Supplied material -
• • •
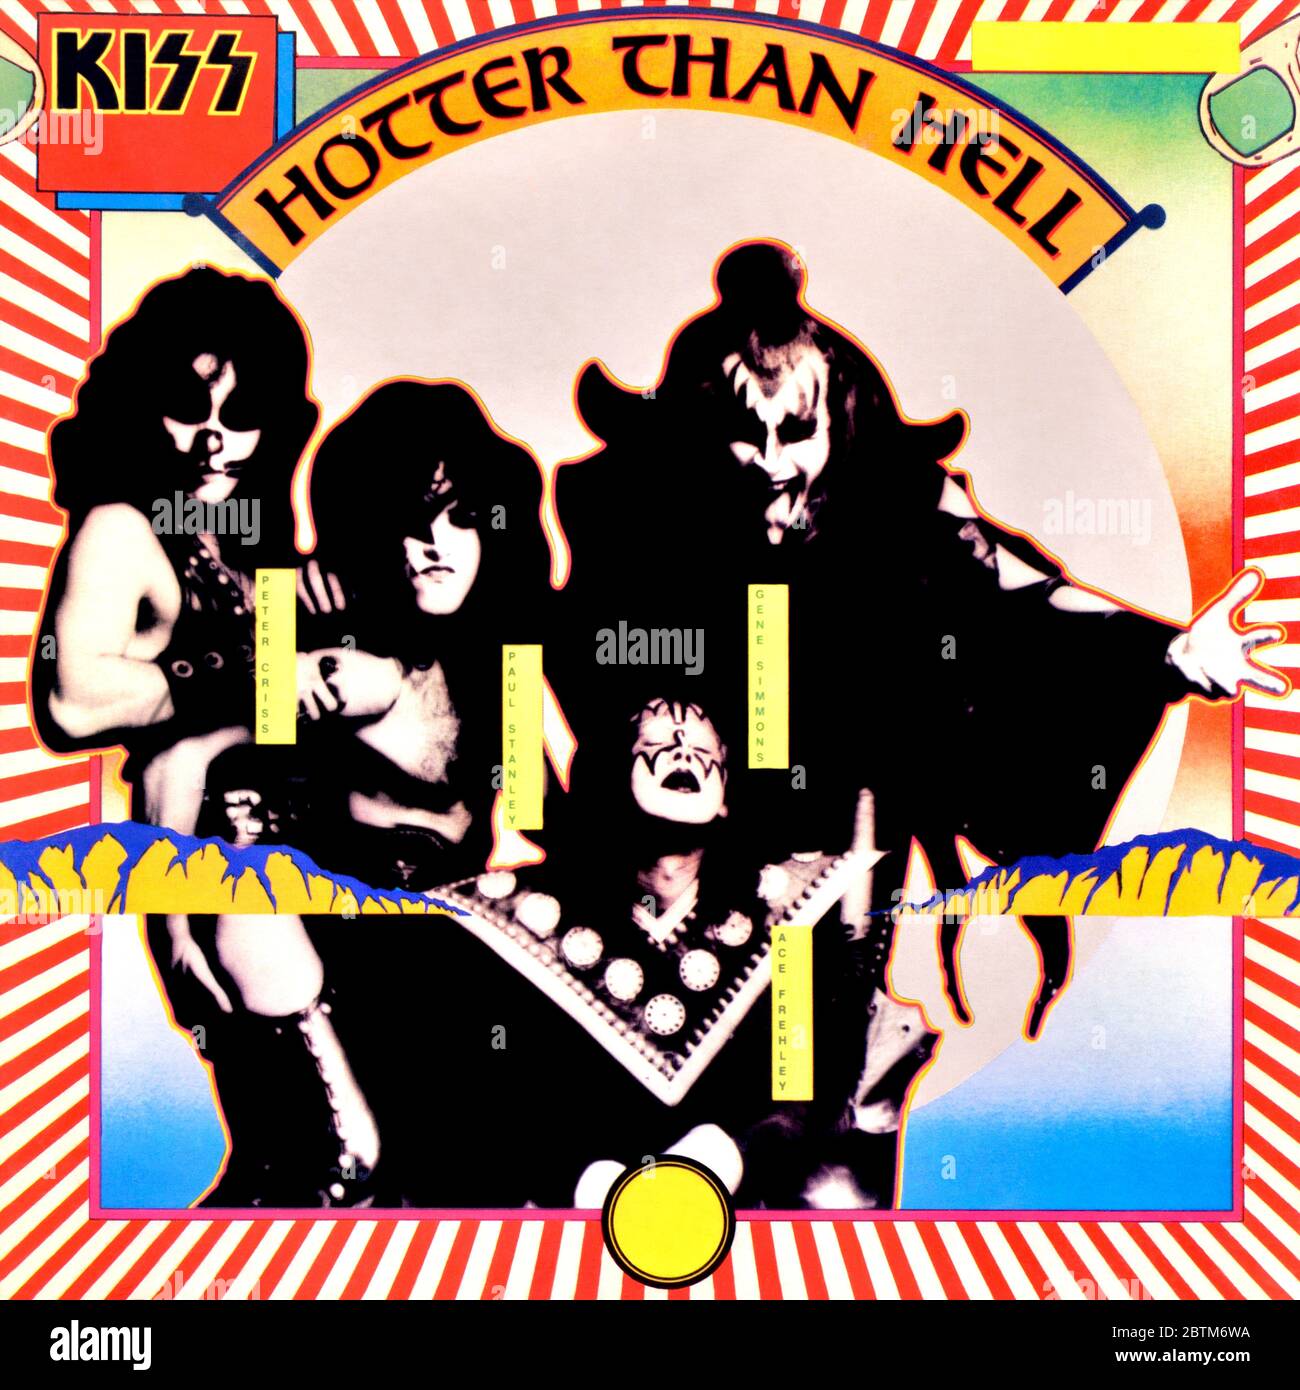 Kiss - original vinyl album cover - Hotter Than Hell - 1974 Stock
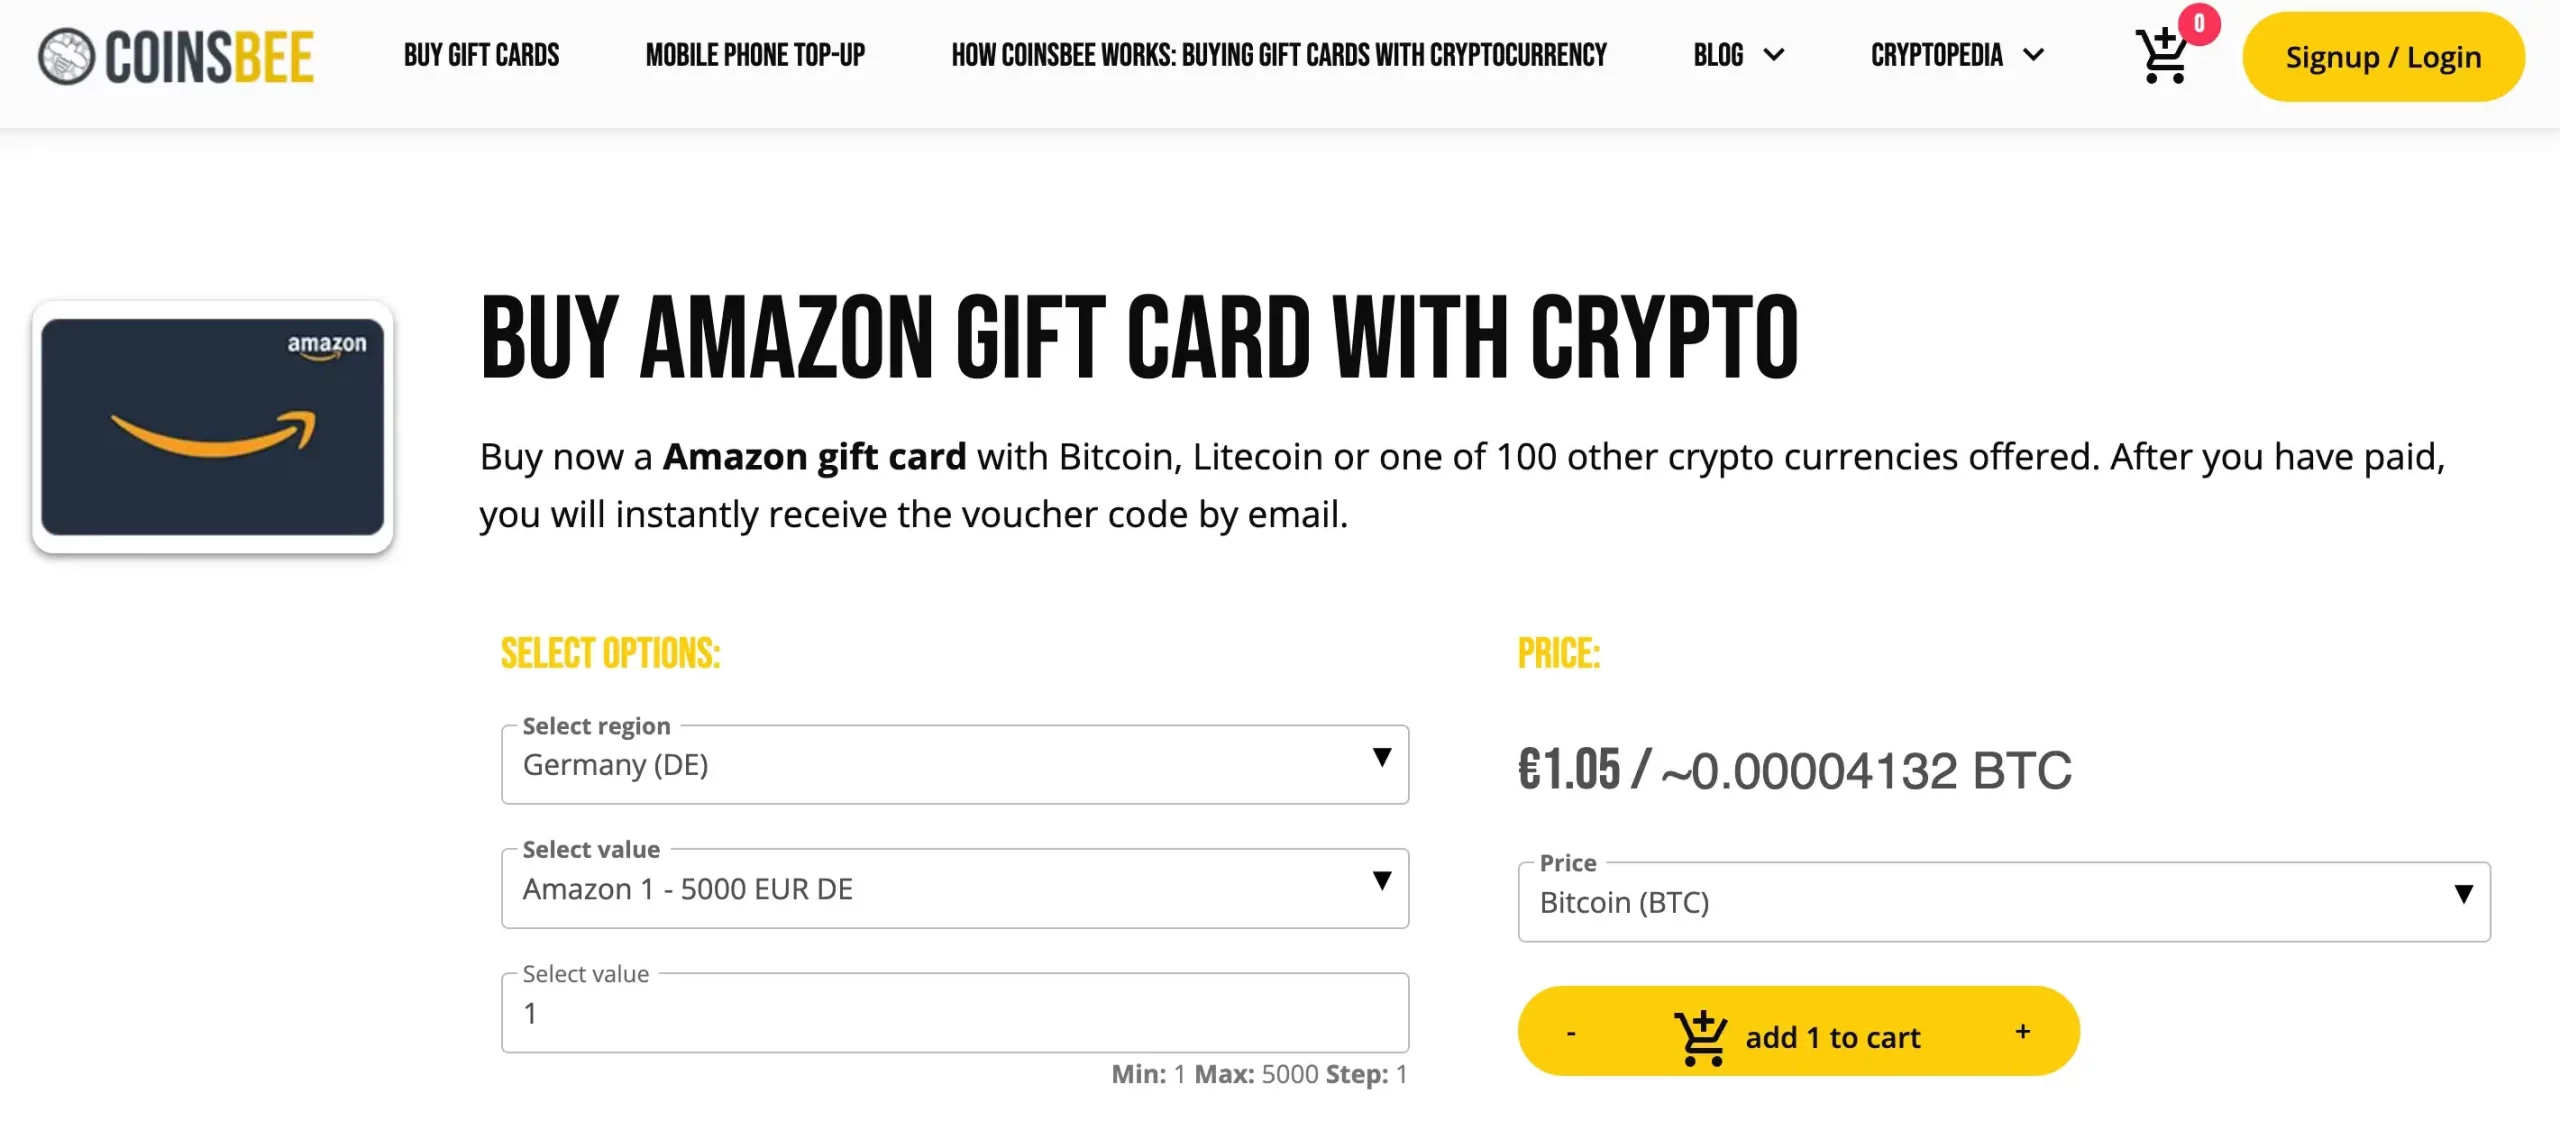 Buy Amazon Gift Card with Crypto
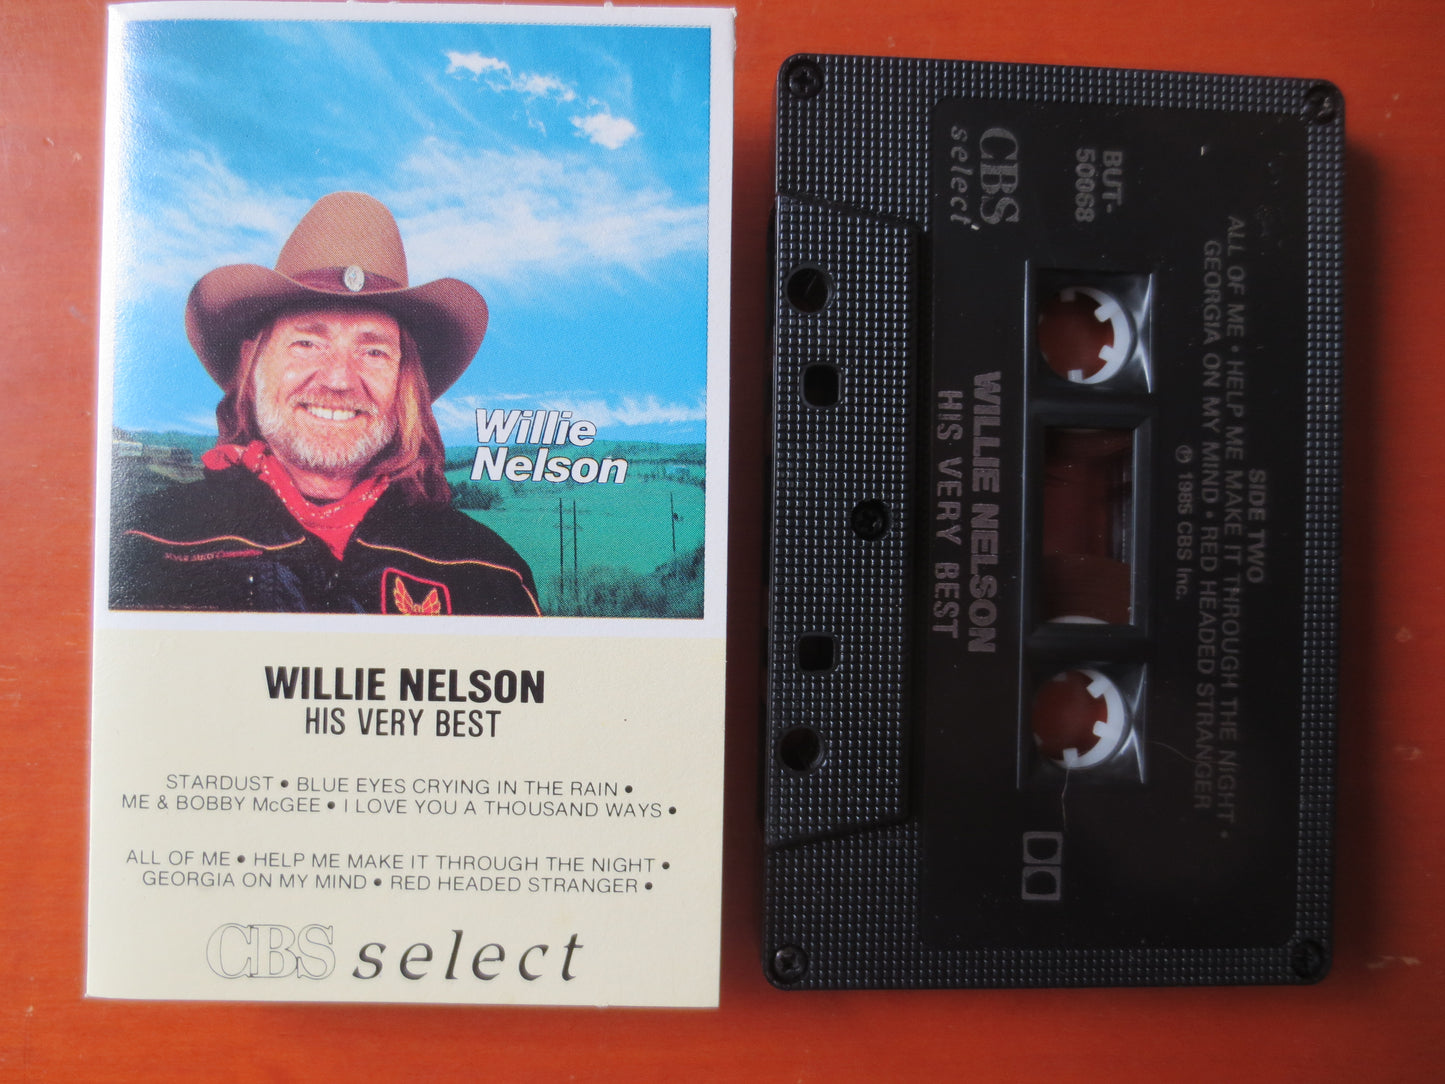 WILLIE NELSON, His Very BEST, Willie Nelson Tape, Willie Nelson Album, Tape Cassette, Tape, Country Cassette, Cassette Music
• • •
Brief - Please write the data out again exactly, but do not carry over the pictures.

Result of the exercise -
 Kiss - original vinyl album cover - Hotter Than Hell - 1974 Stock
 Buy Amazon Gift Card with Crypto
 WILLIE NELSON, His Very BEST, Willie Nelson Tape, Willie Nelson Album, Tape Cassette, Tape, Country Cassette, Cassette Music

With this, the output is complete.